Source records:
• • • •

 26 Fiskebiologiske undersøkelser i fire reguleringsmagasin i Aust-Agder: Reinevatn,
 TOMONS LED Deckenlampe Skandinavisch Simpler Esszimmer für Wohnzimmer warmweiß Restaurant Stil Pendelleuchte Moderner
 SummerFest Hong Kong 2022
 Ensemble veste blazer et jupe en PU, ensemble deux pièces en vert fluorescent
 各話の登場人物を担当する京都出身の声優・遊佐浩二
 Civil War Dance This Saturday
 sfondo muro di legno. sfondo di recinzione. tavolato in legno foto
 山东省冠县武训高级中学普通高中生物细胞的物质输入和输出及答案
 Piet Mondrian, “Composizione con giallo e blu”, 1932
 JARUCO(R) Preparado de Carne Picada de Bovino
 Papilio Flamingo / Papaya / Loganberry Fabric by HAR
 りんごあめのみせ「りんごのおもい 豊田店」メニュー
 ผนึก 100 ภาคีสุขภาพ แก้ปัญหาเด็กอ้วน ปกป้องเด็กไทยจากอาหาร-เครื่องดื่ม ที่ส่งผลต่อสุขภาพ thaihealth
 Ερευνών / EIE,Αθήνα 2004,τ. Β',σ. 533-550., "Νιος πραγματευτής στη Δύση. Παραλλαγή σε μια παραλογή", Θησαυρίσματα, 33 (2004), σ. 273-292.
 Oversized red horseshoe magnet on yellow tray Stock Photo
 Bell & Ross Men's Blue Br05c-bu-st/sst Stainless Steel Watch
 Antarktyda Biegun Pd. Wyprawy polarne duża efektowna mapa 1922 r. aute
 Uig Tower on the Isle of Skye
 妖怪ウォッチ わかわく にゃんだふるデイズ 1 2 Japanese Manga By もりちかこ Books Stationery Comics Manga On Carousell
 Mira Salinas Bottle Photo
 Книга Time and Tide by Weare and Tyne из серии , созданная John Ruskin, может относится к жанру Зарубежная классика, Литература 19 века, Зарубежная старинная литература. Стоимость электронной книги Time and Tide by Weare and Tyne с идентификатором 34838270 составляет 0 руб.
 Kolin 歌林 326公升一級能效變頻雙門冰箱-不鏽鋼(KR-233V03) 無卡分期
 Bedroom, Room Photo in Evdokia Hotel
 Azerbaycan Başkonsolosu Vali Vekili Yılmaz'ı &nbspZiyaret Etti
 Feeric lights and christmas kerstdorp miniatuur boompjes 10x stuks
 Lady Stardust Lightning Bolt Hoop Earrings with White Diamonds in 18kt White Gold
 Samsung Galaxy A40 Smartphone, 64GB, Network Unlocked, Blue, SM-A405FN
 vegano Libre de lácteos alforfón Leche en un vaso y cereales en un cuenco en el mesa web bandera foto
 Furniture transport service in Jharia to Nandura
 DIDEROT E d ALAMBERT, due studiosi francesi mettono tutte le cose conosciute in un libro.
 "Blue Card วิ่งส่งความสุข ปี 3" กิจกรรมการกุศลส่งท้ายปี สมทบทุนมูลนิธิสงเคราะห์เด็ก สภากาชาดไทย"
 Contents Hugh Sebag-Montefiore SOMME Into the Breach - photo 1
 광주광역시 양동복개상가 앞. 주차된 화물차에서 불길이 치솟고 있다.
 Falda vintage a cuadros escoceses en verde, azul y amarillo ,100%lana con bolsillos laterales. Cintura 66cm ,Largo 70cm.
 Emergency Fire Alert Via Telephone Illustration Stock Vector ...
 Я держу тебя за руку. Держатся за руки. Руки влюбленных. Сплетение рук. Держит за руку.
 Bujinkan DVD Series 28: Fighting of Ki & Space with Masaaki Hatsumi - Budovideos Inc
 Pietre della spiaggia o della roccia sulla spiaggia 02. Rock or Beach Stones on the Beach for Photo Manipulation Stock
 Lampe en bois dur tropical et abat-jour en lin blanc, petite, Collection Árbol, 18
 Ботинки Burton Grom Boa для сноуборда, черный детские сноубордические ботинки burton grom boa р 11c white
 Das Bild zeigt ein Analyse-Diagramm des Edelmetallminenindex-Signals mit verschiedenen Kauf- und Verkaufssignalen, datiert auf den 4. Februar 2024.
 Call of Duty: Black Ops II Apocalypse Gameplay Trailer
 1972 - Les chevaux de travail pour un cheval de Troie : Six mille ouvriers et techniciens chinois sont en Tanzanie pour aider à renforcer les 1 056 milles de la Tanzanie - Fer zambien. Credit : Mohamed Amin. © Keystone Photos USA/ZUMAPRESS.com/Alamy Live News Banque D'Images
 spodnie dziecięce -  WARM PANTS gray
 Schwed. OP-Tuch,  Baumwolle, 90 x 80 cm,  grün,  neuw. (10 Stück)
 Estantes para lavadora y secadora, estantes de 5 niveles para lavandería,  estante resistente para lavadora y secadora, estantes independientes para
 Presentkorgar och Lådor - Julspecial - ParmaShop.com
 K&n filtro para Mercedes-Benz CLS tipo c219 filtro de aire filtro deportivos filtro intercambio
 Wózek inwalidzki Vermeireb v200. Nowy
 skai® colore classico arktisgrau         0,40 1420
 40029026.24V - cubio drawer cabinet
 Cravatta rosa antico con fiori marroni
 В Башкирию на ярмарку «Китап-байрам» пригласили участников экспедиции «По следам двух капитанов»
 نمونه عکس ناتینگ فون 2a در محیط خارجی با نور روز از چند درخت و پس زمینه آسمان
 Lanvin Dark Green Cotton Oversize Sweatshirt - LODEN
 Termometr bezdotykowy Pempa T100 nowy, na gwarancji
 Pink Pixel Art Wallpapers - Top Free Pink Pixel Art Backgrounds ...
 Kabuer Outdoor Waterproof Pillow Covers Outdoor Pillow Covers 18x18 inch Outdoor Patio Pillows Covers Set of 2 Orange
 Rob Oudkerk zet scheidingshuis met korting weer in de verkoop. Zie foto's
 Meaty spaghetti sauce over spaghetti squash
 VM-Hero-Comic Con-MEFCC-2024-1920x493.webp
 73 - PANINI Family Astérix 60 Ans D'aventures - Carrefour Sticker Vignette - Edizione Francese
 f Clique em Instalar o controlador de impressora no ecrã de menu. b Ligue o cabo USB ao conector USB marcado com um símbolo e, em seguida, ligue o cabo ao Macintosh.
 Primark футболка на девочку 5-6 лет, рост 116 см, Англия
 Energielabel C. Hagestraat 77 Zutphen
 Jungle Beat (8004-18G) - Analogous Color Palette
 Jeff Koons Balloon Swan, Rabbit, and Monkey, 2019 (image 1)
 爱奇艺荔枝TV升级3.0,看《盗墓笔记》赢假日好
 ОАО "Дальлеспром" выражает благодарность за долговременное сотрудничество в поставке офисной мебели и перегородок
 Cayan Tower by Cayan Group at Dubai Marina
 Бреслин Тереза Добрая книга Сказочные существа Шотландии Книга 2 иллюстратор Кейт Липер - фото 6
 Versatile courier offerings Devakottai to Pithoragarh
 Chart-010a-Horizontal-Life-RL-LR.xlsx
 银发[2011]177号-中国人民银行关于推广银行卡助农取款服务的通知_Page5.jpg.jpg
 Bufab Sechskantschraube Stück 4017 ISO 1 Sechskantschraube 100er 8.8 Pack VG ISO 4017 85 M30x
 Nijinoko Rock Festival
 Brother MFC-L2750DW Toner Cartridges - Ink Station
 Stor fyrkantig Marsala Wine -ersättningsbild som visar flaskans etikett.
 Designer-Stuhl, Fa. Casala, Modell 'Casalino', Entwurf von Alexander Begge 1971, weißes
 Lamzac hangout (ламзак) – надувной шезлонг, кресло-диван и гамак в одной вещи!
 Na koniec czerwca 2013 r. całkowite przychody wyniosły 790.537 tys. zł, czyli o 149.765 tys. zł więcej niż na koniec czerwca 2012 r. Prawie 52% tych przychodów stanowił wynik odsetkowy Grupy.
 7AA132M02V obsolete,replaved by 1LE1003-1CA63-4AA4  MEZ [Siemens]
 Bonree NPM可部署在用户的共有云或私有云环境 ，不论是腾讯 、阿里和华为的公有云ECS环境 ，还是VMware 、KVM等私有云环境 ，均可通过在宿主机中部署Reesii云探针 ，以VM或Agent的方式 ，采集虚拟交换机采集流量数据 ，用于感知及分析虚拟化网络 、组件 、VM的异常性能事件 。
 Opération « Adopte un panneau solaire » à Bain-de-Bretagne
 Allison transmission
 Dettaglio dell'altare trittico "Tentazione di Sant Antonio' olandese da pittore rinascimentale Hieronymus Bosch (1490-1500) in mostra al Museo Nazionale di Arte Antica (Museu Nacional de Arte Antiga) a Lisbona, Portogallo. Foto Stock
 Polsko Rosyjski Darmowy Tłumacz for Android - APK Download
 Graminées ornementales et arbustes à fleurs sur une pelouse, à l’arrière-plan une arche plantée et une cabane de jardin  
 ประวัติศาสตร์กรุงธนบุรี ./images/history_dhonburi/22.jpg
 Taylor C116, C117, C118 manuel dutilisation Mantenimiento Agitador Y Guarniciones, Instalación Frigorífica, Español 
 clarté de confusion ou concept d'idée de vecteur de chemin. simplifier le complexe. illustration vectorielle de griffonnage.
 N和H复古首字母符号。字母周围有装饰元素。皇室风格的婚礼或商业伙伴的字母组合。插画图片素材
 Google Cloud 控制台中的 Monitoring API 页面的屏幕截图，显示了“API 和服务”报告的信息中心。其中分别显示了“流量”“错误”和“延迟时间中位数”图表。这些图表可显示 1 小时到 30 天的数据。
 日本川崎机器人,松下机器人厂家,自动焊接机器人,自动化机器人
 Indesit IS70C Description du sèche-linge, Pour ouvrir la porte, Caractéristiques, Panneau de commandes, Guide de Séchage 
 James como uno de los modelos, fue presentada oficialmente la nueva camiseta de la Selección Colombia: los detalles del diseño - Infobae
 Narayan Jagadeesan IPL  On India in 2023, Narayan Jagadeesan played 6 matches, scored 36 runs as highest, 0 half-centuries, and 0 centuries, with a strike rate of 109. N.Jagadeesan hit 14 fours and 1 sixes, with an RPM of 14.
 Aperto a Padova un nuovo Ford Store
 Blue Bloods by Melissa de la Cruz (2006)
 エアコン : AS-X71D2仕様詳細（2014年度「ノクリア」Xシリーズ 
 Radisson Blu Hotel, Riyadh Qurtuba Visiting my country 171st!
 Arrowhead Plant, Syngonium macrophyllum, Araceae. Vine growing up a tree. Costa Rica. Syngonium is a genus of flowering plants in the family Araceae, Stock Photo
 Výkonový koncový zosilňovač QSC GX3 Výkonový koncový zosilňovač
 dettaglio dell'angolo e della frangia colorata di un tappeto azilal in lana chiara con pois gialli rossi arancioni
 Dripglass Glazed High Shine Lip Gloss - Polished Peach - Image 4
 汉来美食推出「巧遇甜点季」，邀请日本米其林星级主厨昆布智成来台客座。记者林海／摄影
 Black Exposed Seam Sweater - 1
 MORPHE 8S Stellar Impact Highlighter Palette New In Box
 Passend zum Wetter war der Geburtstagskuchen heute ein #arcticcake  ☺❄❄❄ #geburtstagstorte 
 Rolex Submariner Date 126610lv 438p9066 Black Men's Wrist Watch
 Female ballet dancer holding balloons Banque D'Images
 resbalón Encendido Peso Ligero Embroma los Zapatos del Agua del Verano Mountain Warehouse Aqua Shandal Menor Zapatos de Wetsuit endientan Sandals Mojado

• • • •

Could you return exactly the stretch of the data above that starts at the line with "Výkonový koncový zosilňovač QSC" and ends at the line with "MORPHE 8S Stellar", both lines included?

 Výkonový koncový zosilňovač QSC GX3 Výkonový koncový zosilňovač
 dettaglio dell'angolo e della frangia colorata di un tappeto azilal in lana chiara con pois gialli rossi arancioni
 Dripglass Glazed High Shine Lip Gloss - Polished Peach - Image 4
 汉来美食推出「巧遇甜点季」，邀请日本米其林星级主厨昆布智成来台客座。记者林海／摄影
 Black Exposed Seam Sweater - 1
 MORPHE 8S Stellar Impact Highlighter Palette New In Box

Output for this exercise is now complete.